Department of Mathematics, University of Bergen, Norway.
Neural Netw. 2022 Jan;145:164-176. doi: 10.1016/j.neunet.2021.10.014. Epub 2021 Oct 23.
The Delta method is a classical procedure for quantifying epistemic uncertainty in statistical models, but its direct application to deep neural networks is prevented by the large number of parameters P. We propose a low cost approximation of the Delta method applicable to L-regularized deep neural networks based on the top K eigenpairs of the Fisher information matrix. We address efficient computation of full-rank approximate eigendecompositions in terms of the exact inverse Hessian, the inverse outer-products of gradients approximation and the so-called Sandwich estimator. Moreover, we provide bounds on the approximation error for the uncertainty of the predictive class probabilities. We show that when the smallest computed eigenvalue of the Fisher information matrix is near the L-regularization rate, the approximation error will be close to zero even when K≪P. A demonstration of the methodology is presented using a TensorFlow implementation, and we show that meaningful rankings of images based on predictive uncertainty can be obtained for two LeNet and ResNet-based neural networks using the MNIST and CIFAR-10 datasets. Further, we observe that false positives have on average a higher predictive epistemic uncertainty than true positives. This suggests that there is supplementing information in the uncertainty measure not captured by the classification alone.

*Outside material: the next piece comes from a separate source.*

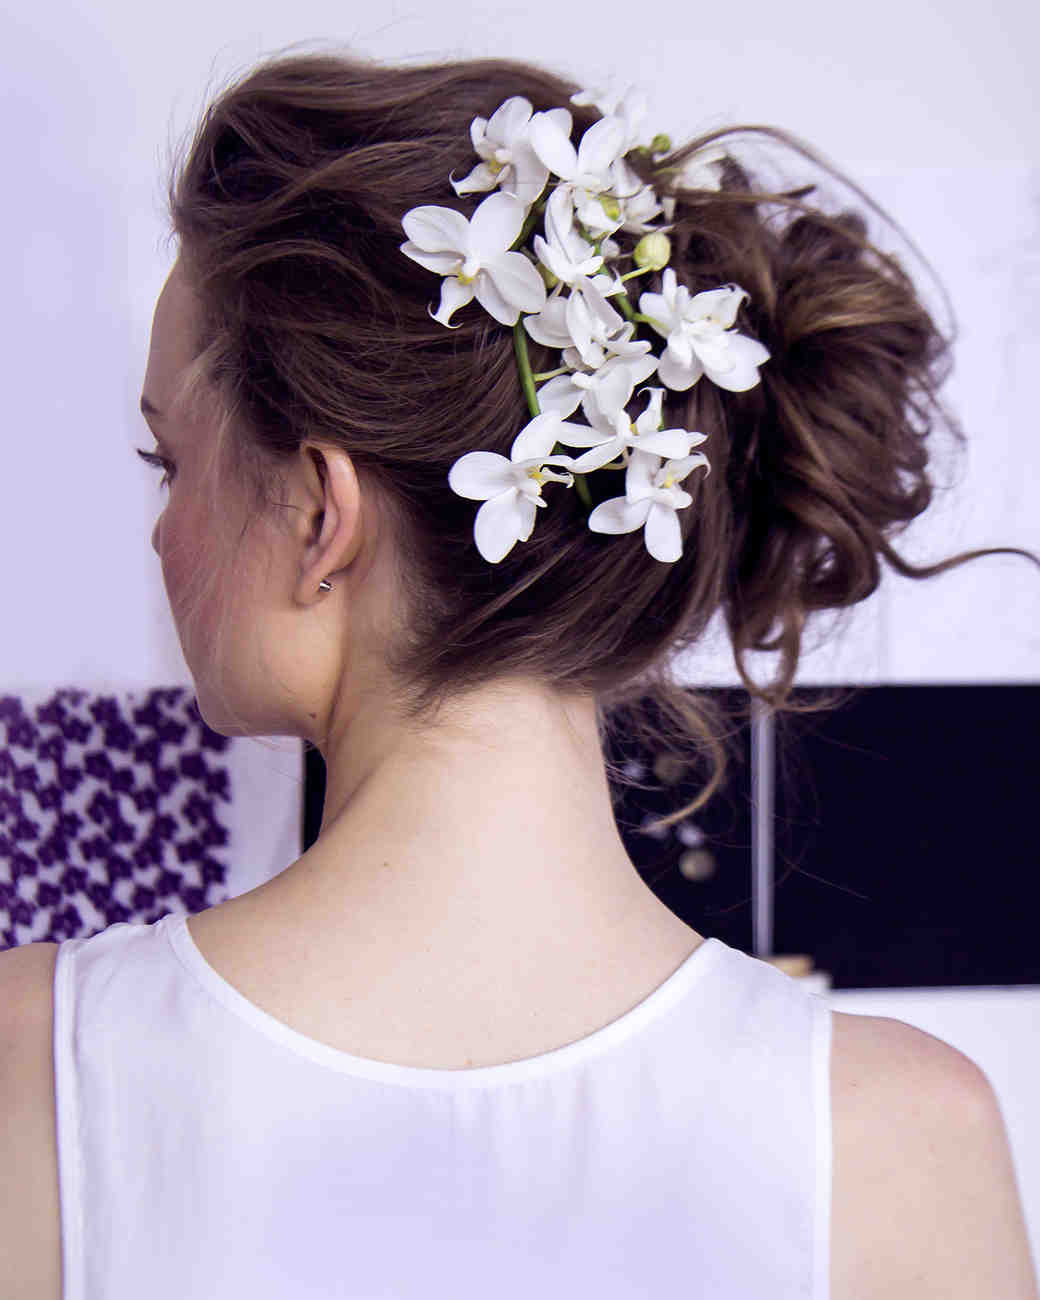 bridal-hair-adornments-spring2016-angel-sanchez-0415.jpg

Delta 方法是一种用于量化统计模型中认知不确定性的经典方法,但由于参数 P 的数量很大,直接将其应用于深度神经网络是不可行的。我们提出了一种基于 Fisher 信息矩阵的 top K 特征对的低成本近似 Delta 方法,适用于 L-正则化深度神经网络。我们解决了基于精确逆 Hessian、梯度逼近的逆外积和所谓的 Sandwich 估计的全秩近似特征分解的有效计算问题。此外,我们还提供了预测类概率不确定性的逼近误差的界。我们表明,当 Fisher 信息矩阵的最小计算特征值接近 L-正则化率时,即使 K≪P,逼近误差也将接近零。我们使用 TensorFlow 实现演示了该方法,并表明可以使用 MNIST 和 CIFAR-10 数据集,基于预测不确定性对基于 LeNet 和 ResNet 的两个神经网络的图像进行有意义的排序。此外,我们观察到假阳性的预测认知不确定性平均高于真阳性。这表明不确定性度量中包含了仅通过分类无法捕捉到的补充信息。